当教室で後期研修を検討している方へ

杏林大学脳神経外科 後期研修プログラム2023 
脳神経外科人材育成プログラム2023

 杏林大学脳神経外科では、出身大学や卒業年度、初期研修先などを問わず、常に後期研修医を募集しています。脳神経外科医としての研鍛のみならず、医師として多くを学びたい意欲のある若者は是非当教室の門を叩いてください。

はじめに

 杏林大学脳神経外科は、脳神経外科医として手術を中心とした知識や技術を身につけることはもちろん、患者さん第一優先でチーム医療を大事にする医師を育成するべく、後期研修に力を入れています。

 杏林大学病院は、都心のベッドタウンである三多摩地区にある唯一の大学病院なので、大学病院でありながら地域に根づいた診療を実践しており、救急疾患やCommon diseasesに対する技能を十分に身につけることができ、偏りの少ない医師を育成するのに十分な環境が整っています。

 当教室の特徴として、可能な限り若手にチャンスを与えるような指導を心がけており、特に手術に関しては術者を経験する機会を多く持ってもらうようにしています。とはいっても、そこには「術前・術後管理ができる」、「疾病を理解し患者さんや家族への病状説明が適切にできる」、「術前に術中シミュレーションが十分に出来ている」などの条件がつきますが、主任教授・塩川の掲げる「脳神経外科手術は、患者さんの人生を手術すること」を念頭に、安全で誠実な診療が習得できる指導に力を注いでいます。
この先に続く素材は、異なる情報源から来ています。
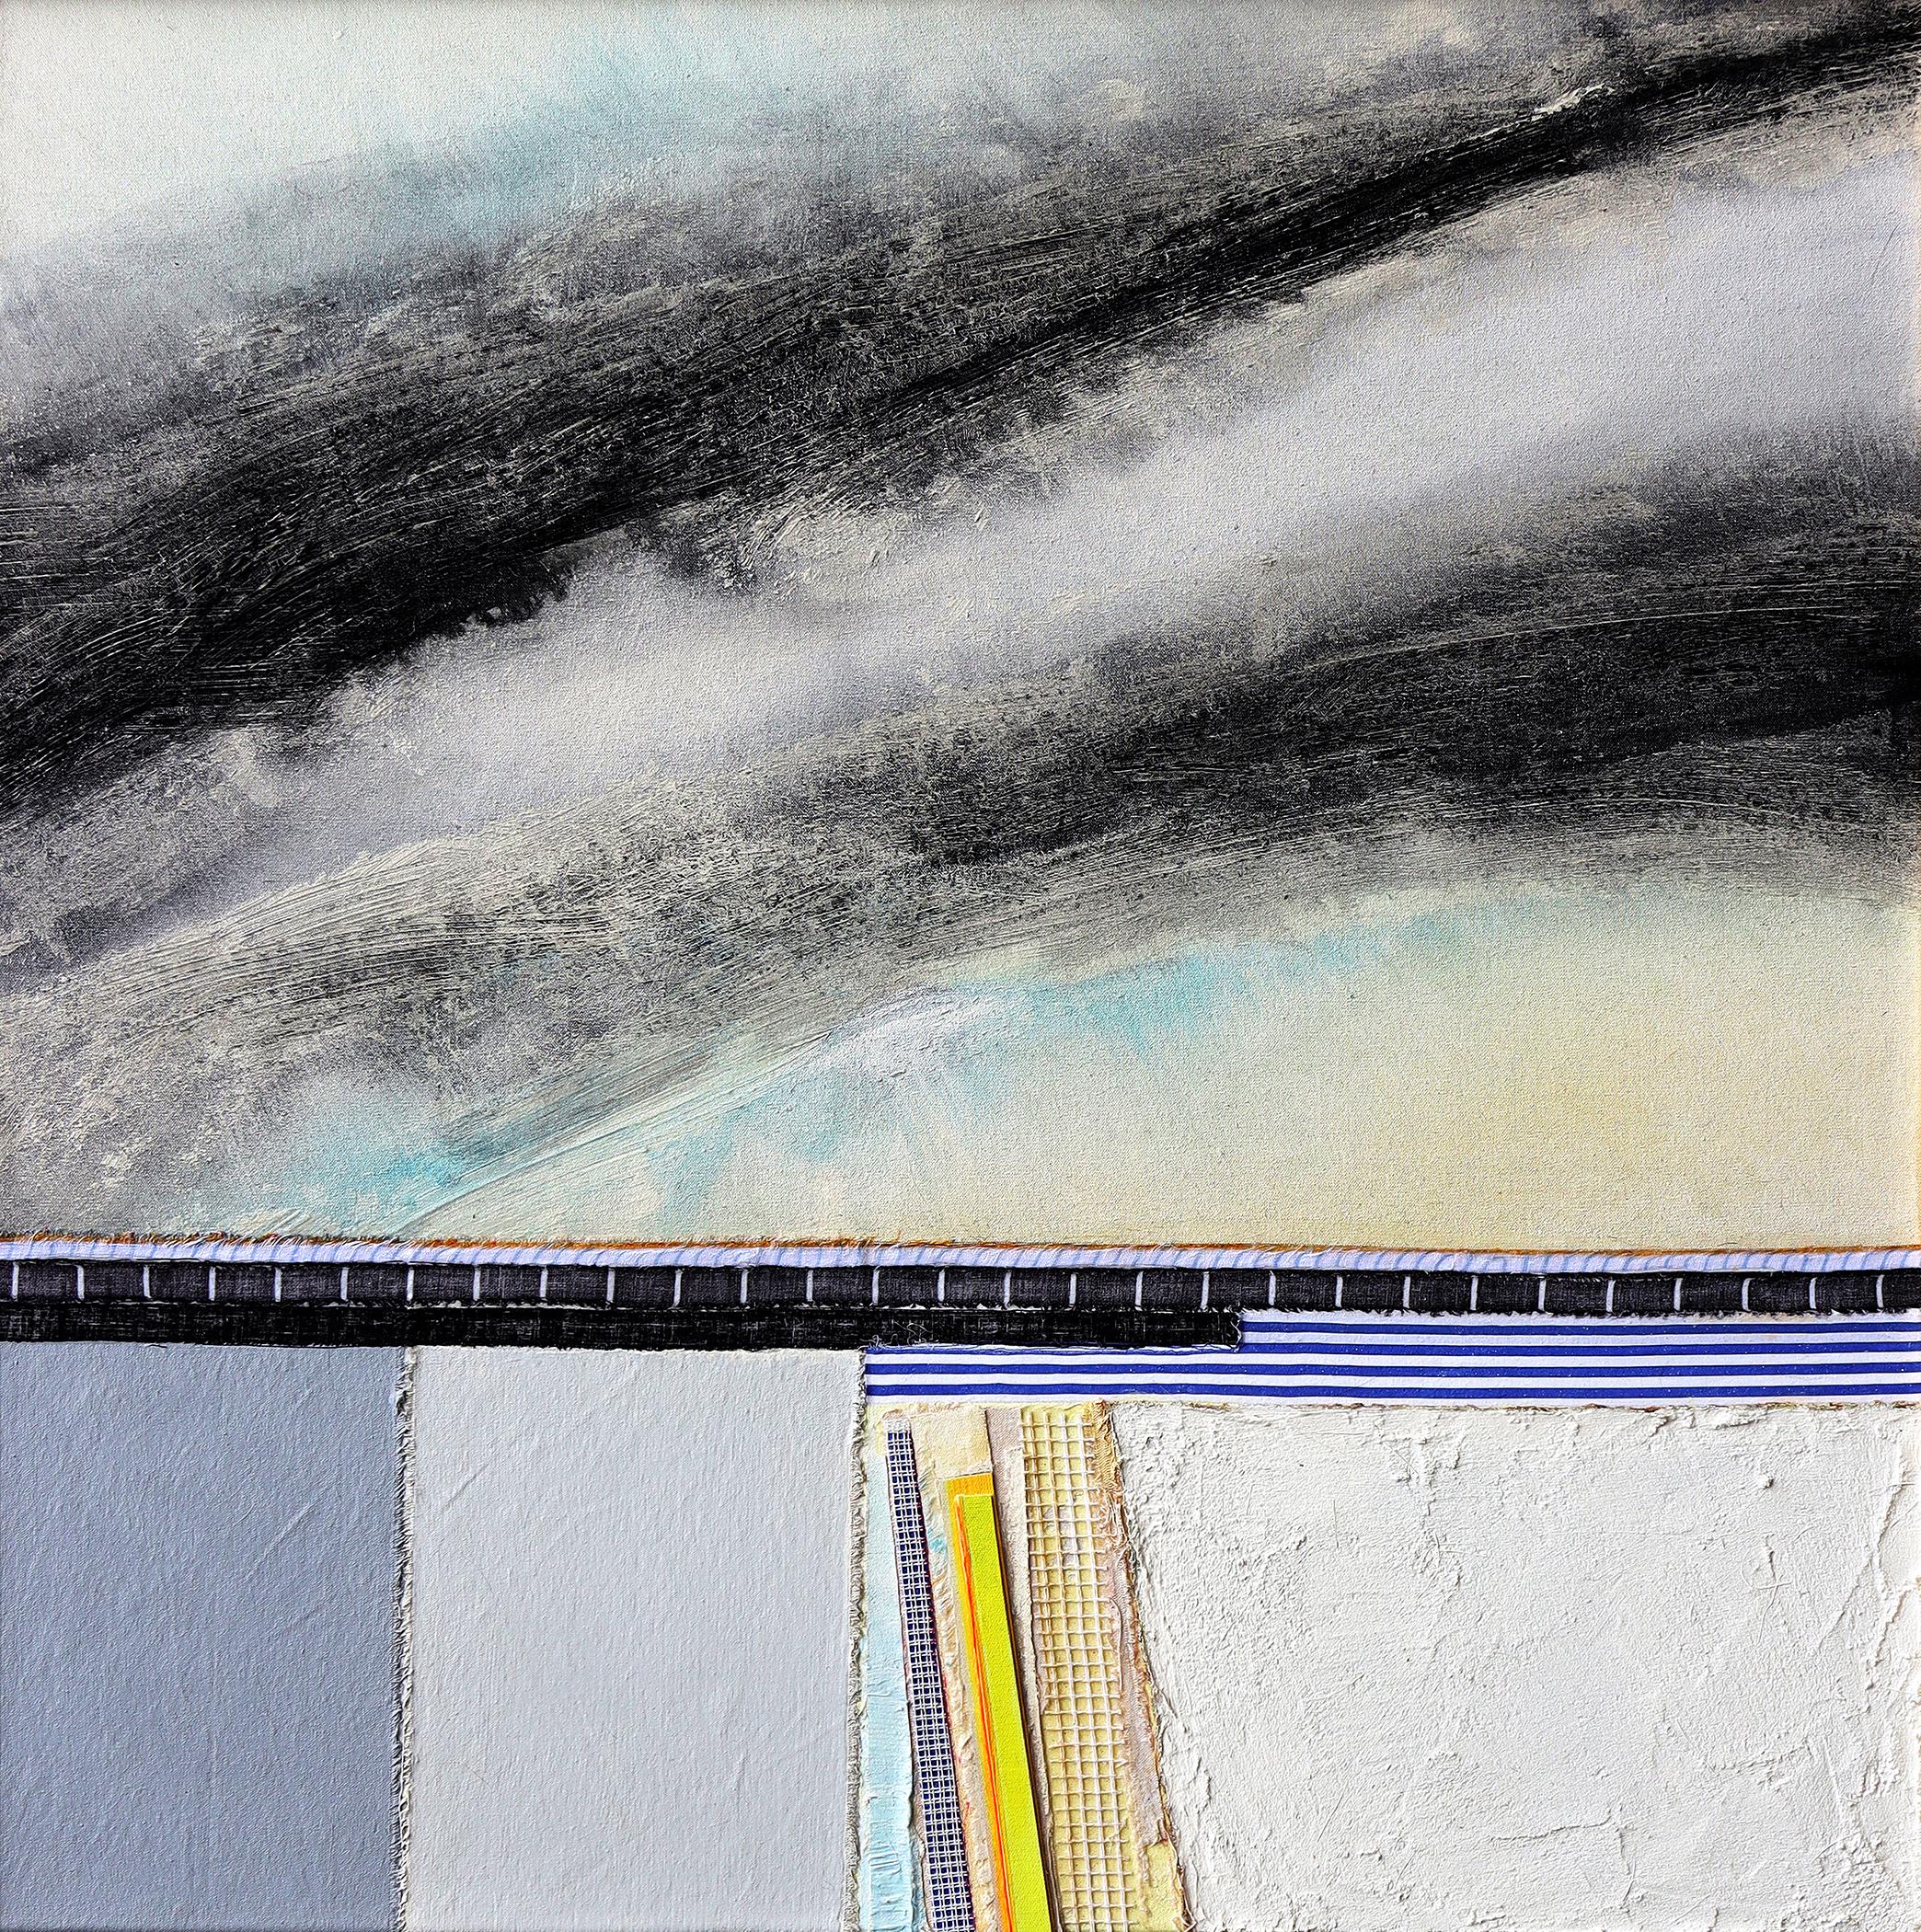 Peinture abstraite et côtière d'Eugene Healy "Hurricane Light" (Lumière de l'ouragan)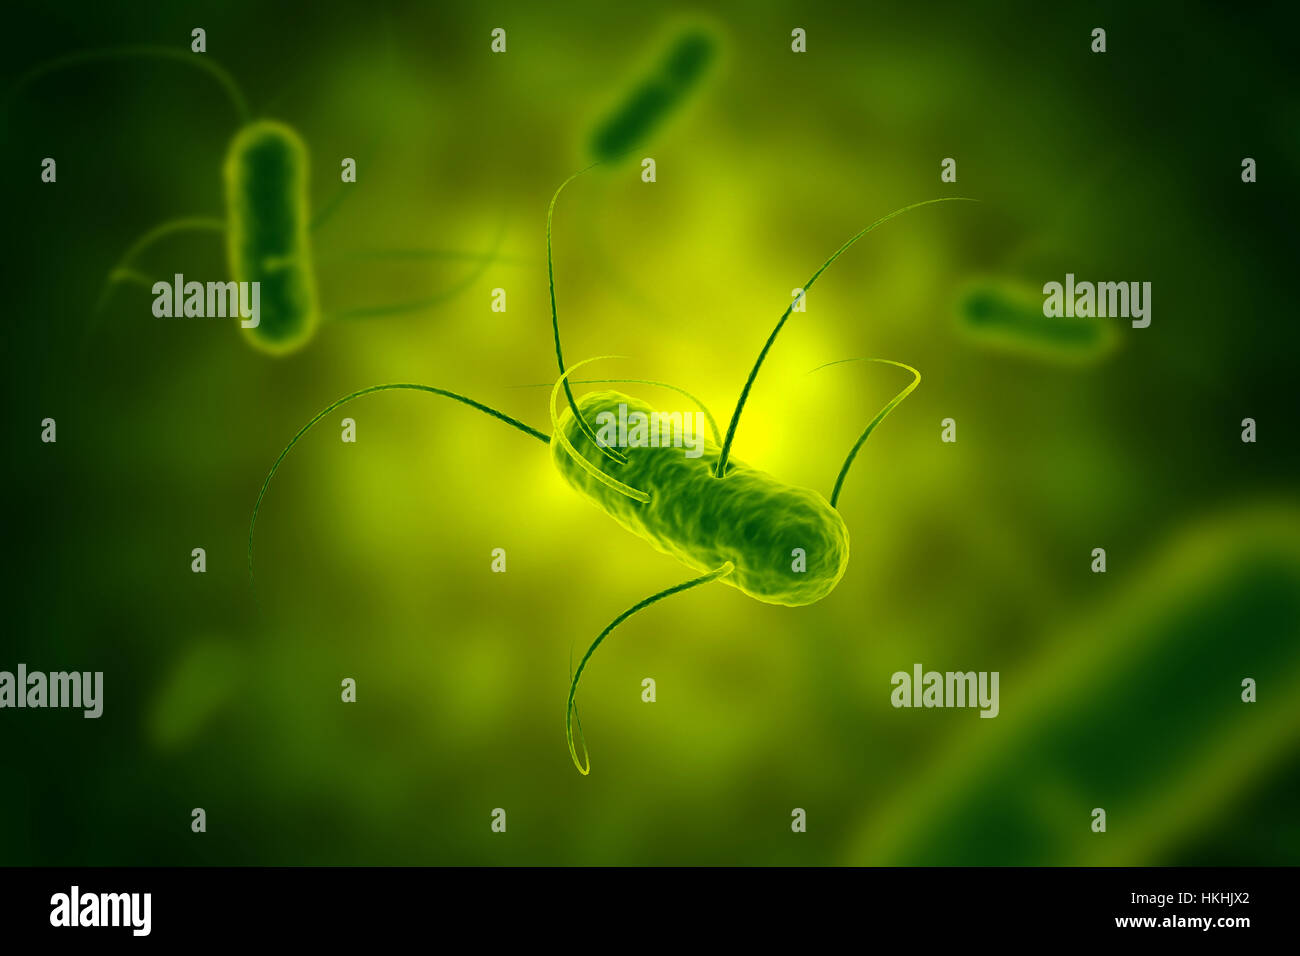 La bactérie salmonella vert avec vue microscopique de flagelles dans illustration fluide Banque D'Images

 当教室では、脳血管障害、脳腫瘍、神経外傷を中心に、小児、脊椎、機能的外科など脳神経外科疾患の基本診療が、3年間のレジデント終了時には習得できる研修を目標としており、後期研修の先生はそれぞれのチームを3-6か月ローテーションしながら、卒後10年前後の若手脳神経外科専門医のもと、診断、治療、手術について学びます。また、5年目以降は順次、脳神経外科学会が定める当教室の研修・関連施設で研鍛を積んでもらい、研修終了1年後の脳神経外科専門医受験を目指します。以下にローテーションするチームの特徴を列挙します。

後期研修中にローテーションする分野

脳卒中診療(脳卒中センター)

 脳卒中医学教室として独立しましたが、診療科の縦割り構造をなくした本邦有数の脳卒中センターであり、脳梗塞、脳出血を中心に24時間365日脳卒中診療ができる体制を構築しています。脳梗塞に対する超急性期選択的血行再建術や慢性期の虚血性病変に対する手術も行っており、3年間のうち6-9か月診療に従事し、脳卒中の初期救急対応から、脳血管撮影その他の検査、手術までを学んでもらいます。

scu 脳卒中センター集合写真

脳血管障害、良性腫瘍

 脳卒中診療と被る部分もありますが、未破裂脳動脈瘤やくも膜下出血、その他の脳血管障害を直達手術と血管内手術のどちらでも治療ができる体制を構築しています。また良性腫瘍の手術もこのチームで担当することとなります。3年間のうち6か月診療に従事し、脳血管撮影や開頭術、血管内治療について学びます。

悪性脳腫瘍

 神経膠腫や中枢神経系悪性リンパ腫を中心に、摘出した腫瘍の遺伝子解析からテーラーメイドの化学療法を実践しており、大学病院や一部の専門施設でしかできない診療を行っています。当教室で研究と臨床が最も直結している部門です。6か月間診療に従事し、画像診断、手術、化学療法、放射線治療、腫瘍学について学んでもらいます。

神経外傷(高度救命救急センター)

 脳卒中センターと同様に日本有数の高度救命救急センターがあり、重症頭部外傷や多発外傷の診療を、救命救急科や整形外科、内科の医師と協力しながら行っています。4-6か月間診療に従事し、開頭手術や重症患者の循環、呼吸、栄養管理などの全身管理を身につけてもらいます。

 都立神経病院(府中市)への出向

 こちらも全国から患者さんが集まる専門施設ですが、専門医受験までの4年間のうち必ず6か月研修してもらい、脊椎脊髄疾患、小児、機能的脳神経外科(てんかんや不随意運動)の診療や手術を学んでもらいます。今まで回った後期研修医からも大変評価の高い病院です。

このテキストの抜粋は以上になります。